I grinned at her and used the edge of my thumb to breach the barrier of lace that was keeping me from the sweet swell of her breasts. Sayer was on the tall side for a woman, which was nice when we were all lined up like this, and where my fingers were trailing a dangerous and forbidden path she was all soft and pillowy. She had more than a handful hidden behind that bra that I was sure was just as fancy as the rest of her clothes even though I couldn’t see it.

“You going to tell me to stop?” My voice was rough with desire and everything else that was coiled up inside me and looking for a place to go.

She let out a shuddering breath and her hands moved from their death grip on my hair to rest lightly on my shoulders. She blinked those cerulean eyes at me and stuck her tongue out to lick at her lips again.

“Eventually, so you should probably kiss me again so I forget that this is totally inappropriate and that I need to put an end to it right now.”

She didn’t have to tell me twice. I placed the hand that wasn’t creeping up her full breast in the center of her back and pressed her so that she was bent into me and I had full access to not only her welcoming mouth but to the elegant curve of her neck and the delicate shell of her ear as that satiny river of blond hair fell to the side. I quit playing around and shoved her bra up and out of my way so that I could rub the now pointed and prominent peak of her nipple with the center of my palm. It made her whimper and I made sure I put my mouth over hers to eat the sound up.
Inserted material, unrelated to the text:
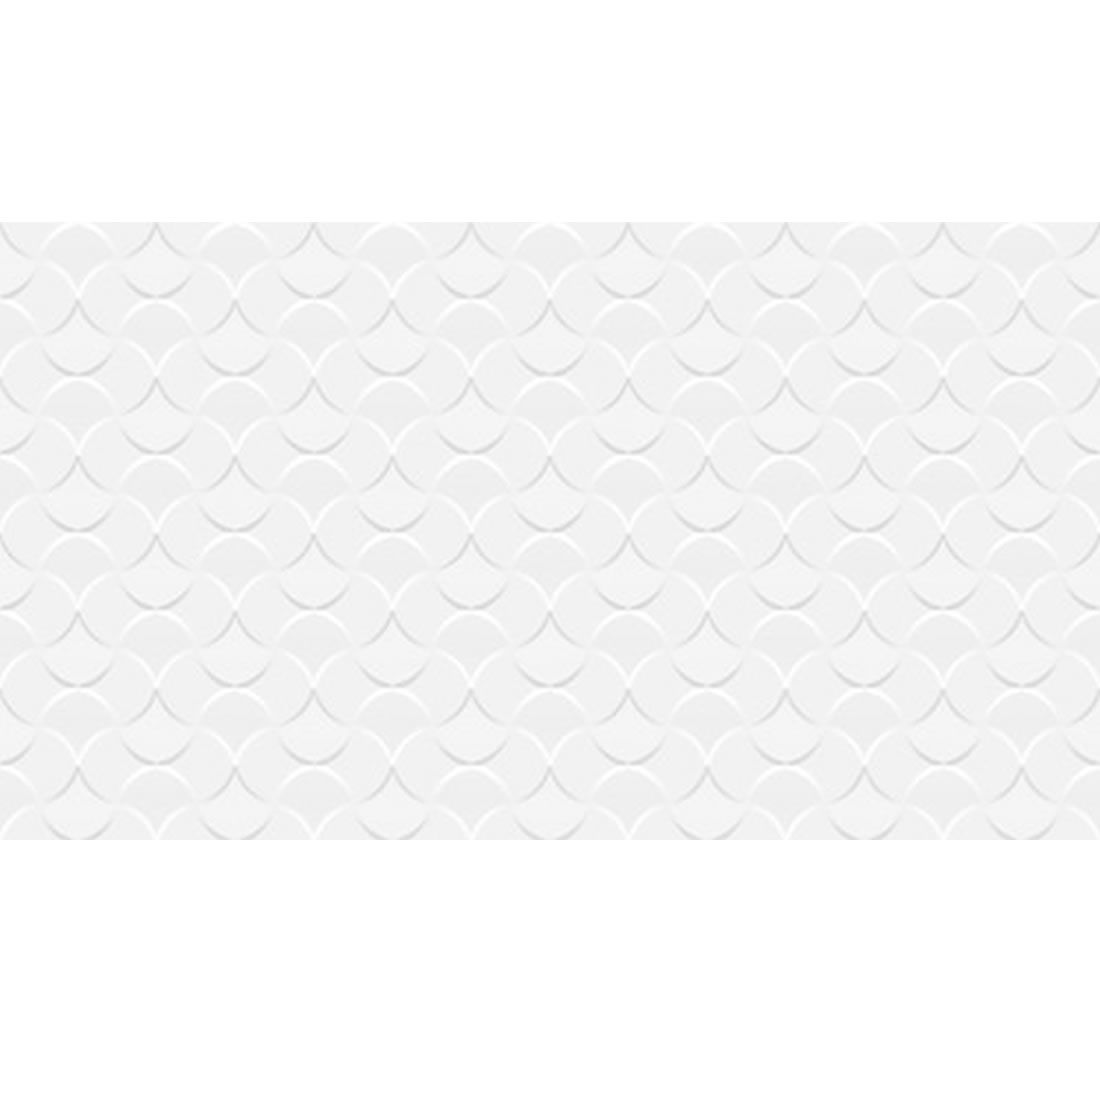 Revestimento Incopisos 32x57,5 Ref: 60126 Extra Com 2mts na Caixa

She was pliable and liquid, melting into my touch and wrapping around me like she no longer had bones or any sort of structure to keep her upright. I was the only thing holding her together and straight and that made me growl in deep satisfaction. I would craft her, mold her into something that was made up of nothing more than desire, want, need, and satisfaction if she gave me the opportunity.

I shifted my hand inside of her shirt so that I could get my fingers around that nipple that was now stabbing me in the hand with impatience. I wanted it in my mouth so bad I could already taste the sweetness drifting across my tongue. I pulled back from the greedy heat and press of her mouth so I could not only see how my touch affected her but also so I could breathe and try to get some space, because as much as I wanted to, I knew there was no way I was getting my hands or my mouth under her skirt tonight. There was no denying we had a spark, some kind of tension that pulled and guided us toward one another, but Sayer wasn’t the kind of woman that would let a guy throw her on a grungy kitchen table and go to town. At least I didn’t think she was, but then her hand slipped from my shoulder and started skating down the center of my chest right toward where there was all kinds of trouble waiting for her behind my belt.

The caress of her fingers through the light cotton of my T-shirt felt better and burned hotter than I could ever remember fingers dragging across my naked skin feeling. This woman could unravel me with very little effort and that was a startling revelation considering I needed her so badly in more than one area of my life.